What corporate defense strategies proved most effective during the negotiation process?
We were able to show that the three convicted executives were not fully disclosing the financial condition of the firm to the board. They changed the budget without board authorization. They did a number of different things to deceive the board.
We were also able to show through evidence that board members were not just sitting by, letting the executives run amok. From the very beginning, they imposed a stringent business Code of Conduct. They responded to issues that arose and had not turned a blind eye.
When they heard rumors of potential misconduct, they interviewed employees to try to understand if there were integrity issues that needed to be addressed. This led to one of the board members being banned from company premises by one of the executives, because he believed that the board member was interfering with the operation of the company. E-mails retained by the company substantiated that claim, and we presented it through the evidence.
The board also fought to bring in forensic accountants to take a look at financial transactions within the firm. That didn’t happen, in part because the executives didn’t allow it to happen, but the effort was there.
The board was very aggressive about upholding high standards of integrity. They were doing all the things that the government would want to see board members doing.
What actions did the board take after discovering the misconduct that the Department of Justice looked upon most favorably?
After finding out about the misconduct, the board was quick to remediate any deficiencies that they uncovered. They enhanced financial controls and other compliance controls and did a full review of their policies and procedures. They had the executive management team attend specific trainings, and we were able to show that to the government as well. I think that proved to be very helpful to the company.
They went so far as to push [the culpable executives] out of the company and bought back their shares. Given that these executives were substantial shareholders of the company, that’s a pretty drastic move to push them out and get them to sell back their shares.
By doing so, that ultimately led to our second—and maybe our strongest—argument, which was that, “If you punish the company, you’re only punishing the good guys and heaping more victimization upon them.
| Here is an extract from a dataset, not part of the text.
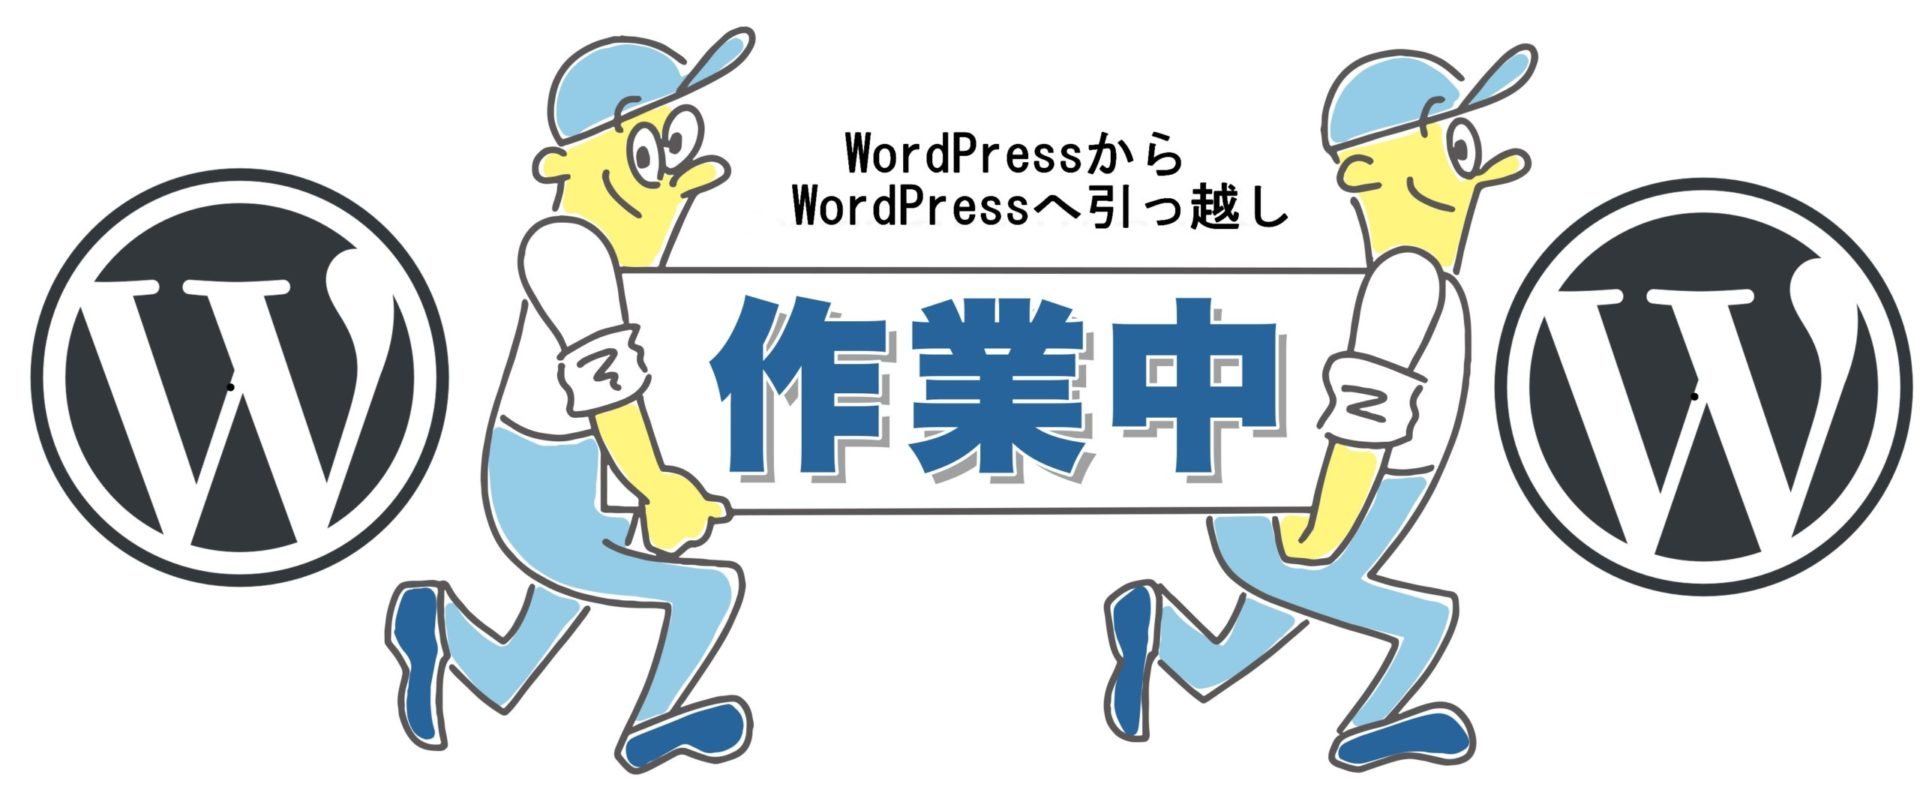 WordPressでのブログの引っ越し方法

To punish them would be unfair.” We were persistent in our argument.
How responsive was the Justice Department in accepting that argument?
The Department initially was surprised that we would ask for such a resolution in a case like this, in which senior executives were implicated. They told me it was an aggressive request, but to their credit they listened.
ABOUT TIMOTHY TREANOR
Timothy Treanor is a partner and global co-leader of the white-collar criminal defense and investigations practice group at Sidley. He is also a former federal prosecutor who represents companies and individuals in investigations, enforcement actions, and prosecutions conducted by various government agencies, including the U.S. Department of Justice, the Securities and Exchange Commission, and the New York Attorney General’s Office, and he frequently manages parallel criminal and civil proceedings and global investigations involving enforcement agencies in multiple countries. Corporate clients he represents include leading companies in a variety of industries, including financial services, pharmaceuticals, insurance, oil and energy, and technology. Treanor also advises companies on the development of internal compliance programs and provides compliance counseling on a host of criminal issues, including the Foreign Corrupt Practices Act, anti-money laundering, sanctions, fraud detection, anti-counterfeiting, and internet gambling issues.
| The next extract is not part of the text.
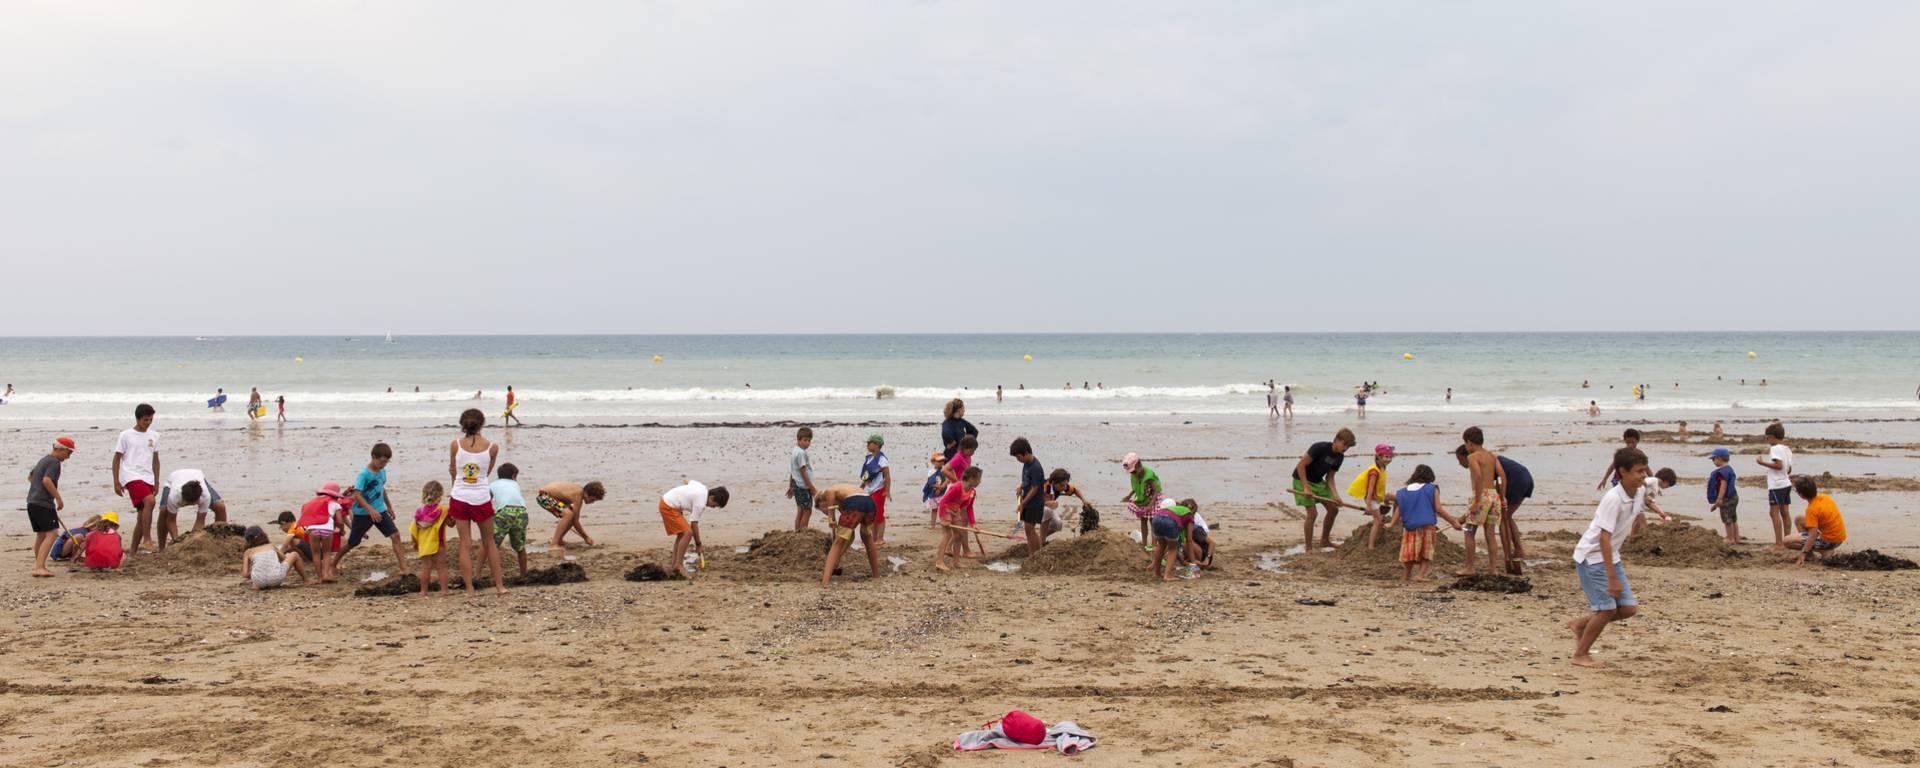 La plage de Jullouville

Treanor has extensive experience working with corporate compliance monitors. He currently serves as lead counsel to the Monitor of HSBC Holdings and its subsidiaries appointed by the Justice Department, the U.K. Financial Conduct Authority, and the Board of Governors of the Federal Reserve System, in connection with HSBC’s $1.9 billion resolution of money laundering and sanctions violations. As a federal prosecutor, Treanor selected and managed a corporate compliance monitor for a corporate defendant and advised on the Justice Department’s Guidelines for selecting and using monitors.
I think it would have been very easy for them to say, “Listen, you have two CEOs and a general counsel who have been implicated. There is no way we’re letting the company off without some sort of punishment that we can show for this conduct.” But they worked through our arguments and talked about alternatives and what that would mean for the company. It was a fairly extensive discussion over a period of months.
How much of a factor did PetroTiger’s voluntary disclosure of the misconduct play into the Justice Department deciding not to prosecute the company?
I think that was a huge consideration. I know the Department of Justice has not been willing to draw a line and say, “If you self-disclose, you’re eligible for a declination. If you don’t, you’re not.” They’re not that black and white. To me, however, if you don’t self-disclose—if the government finds out about the misconduct on its own—you’re at a significant disadvantage in getting a declination. The fact that PetroTiger came forward was a big plus.
What broader lessons can other companies take away from PetroTiger’s case?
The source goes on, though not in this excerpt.